What is the Y intercept and equilibrium quantity with these equations?

Here is a question and answer about the economics of solving for an equilibrium quantity value.  The question is:

1. Suppose demand and supply functions are given by Qs = 5 + P and Qd =50 - ½P respectively.
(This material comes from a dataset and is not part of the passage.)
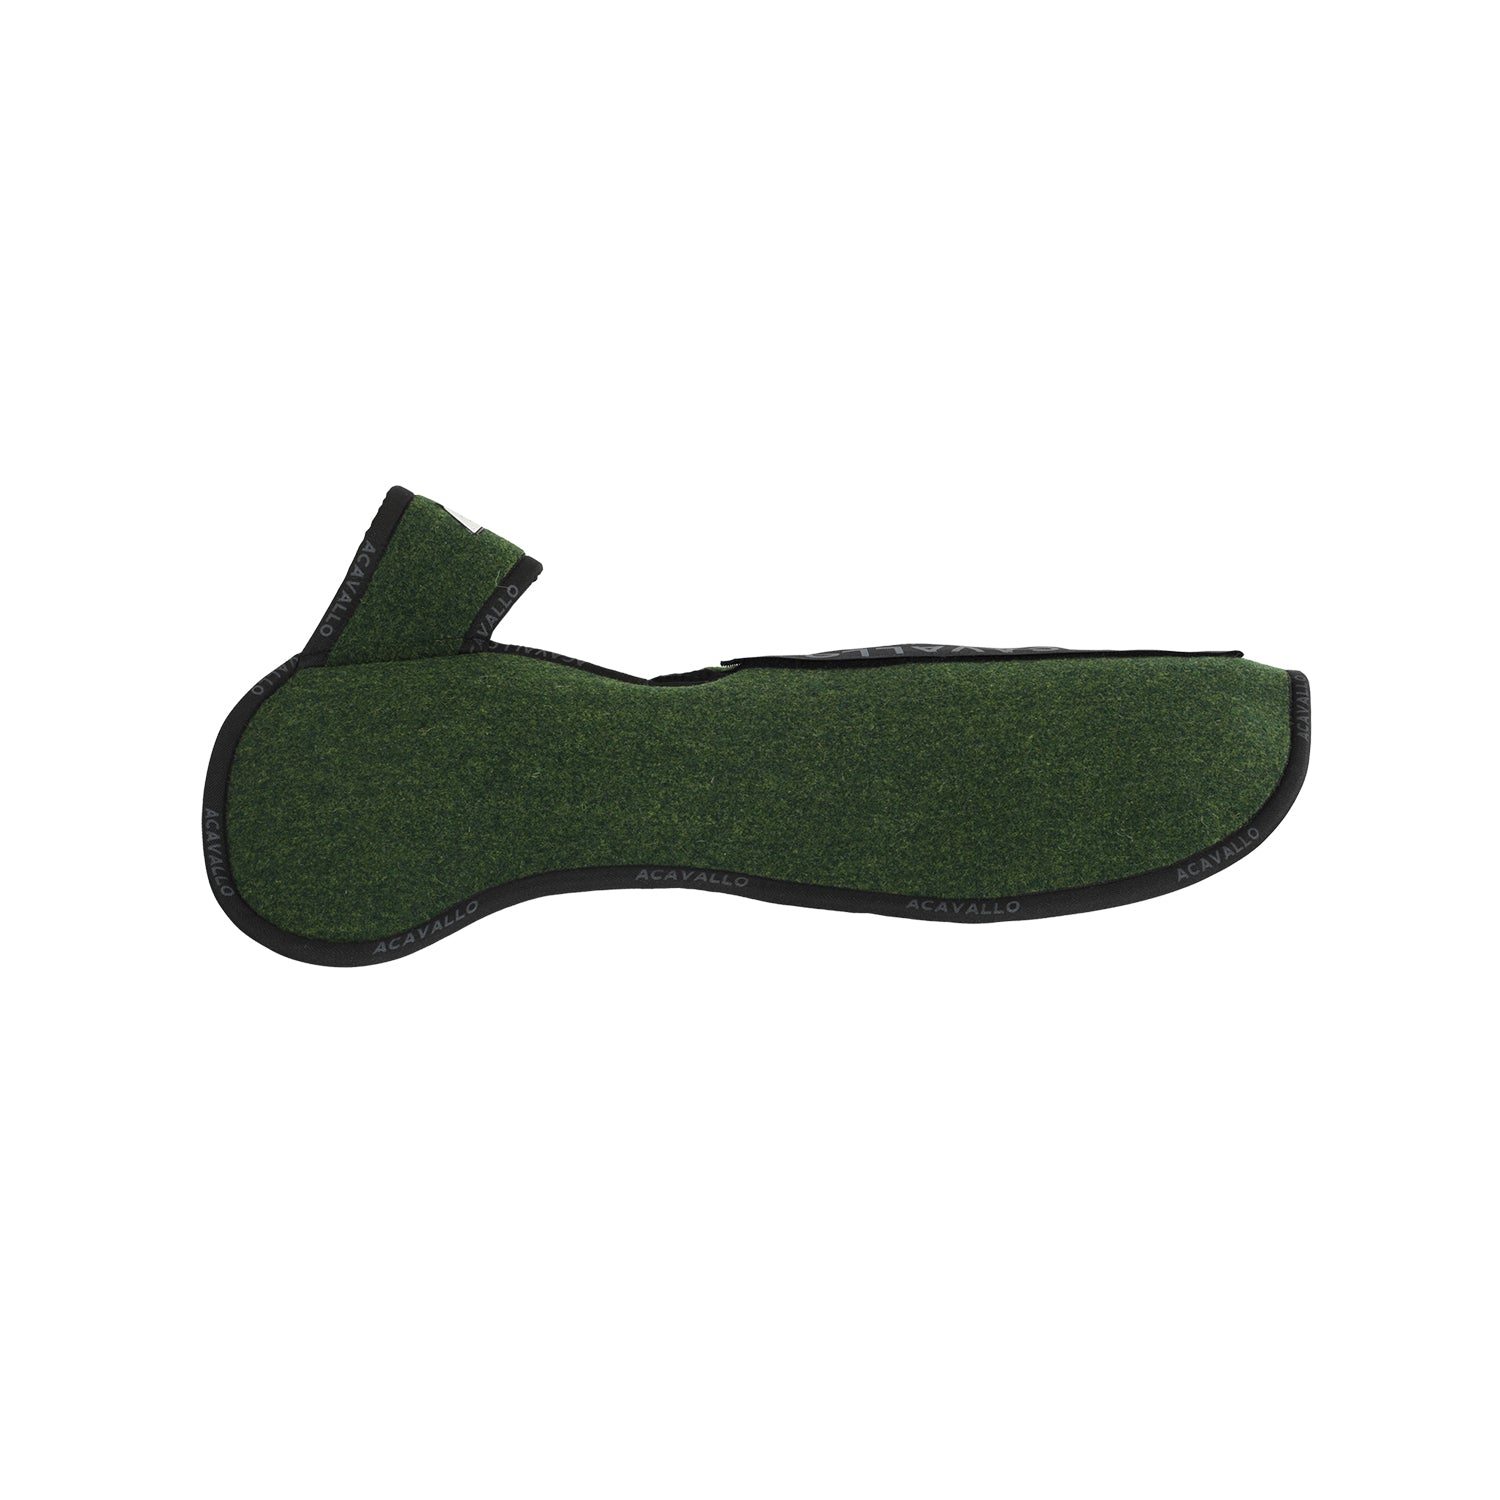 Pad WITHERS FREE POCKET CONFIGURATION PAD DOUBLE FELT WITH DOUBLE FELT - Reitstiefel Kandel - Dein Reitshop

Then the equilibrium QUANTITY is what?
2.In the equation Y = 6 - 2.0X the y-intercept is?

Now remember that to solve for equilibrium price and quantity, you need to set the quantity supplied equal to the quantity demanded, and solve for price.  You can then plug your price into either quantity equation (or both to check your math) to solve for equilibrium quantity.  So first set your Qs equal to your Qd:

Qs = Qd = 5 + P = 50 – (1/2)P
5 + P = 50 –(1/2)P

So subtract 5 and add ½ P to both sides to get:

(3/2)P = 45 or P = 30

We can get P = 30 by dividing 45 by 3, and then multiplying it by 2.  We can then plug our equilibrium price back into our quantity equations to get:

Qd= 5 + P = 5 + 30 = 35, and for Qs as well:

Qs = 50 – ½ * 30 = 50 – 15 = 35

So 35 is our equilibrium quantity.

For the second problem, finding the Y intercept from an equation, we need to look for the constant, which is also known as the intercept.  Traditionally, an equation is written as:

Y = a + bX,

Were Y represents a variable (such as quantity) and X represents a variable (such as price) and ‘a’ and ‘b’ are coefficients or fixed values.  You can see that ‘a’ is independent of X, while ‘b’ interacts with X.  ‘a’ is our intercept value, because it is the value of Y when X=0, and ‘b’ is our slope term because it shows how much Y will change as X changes.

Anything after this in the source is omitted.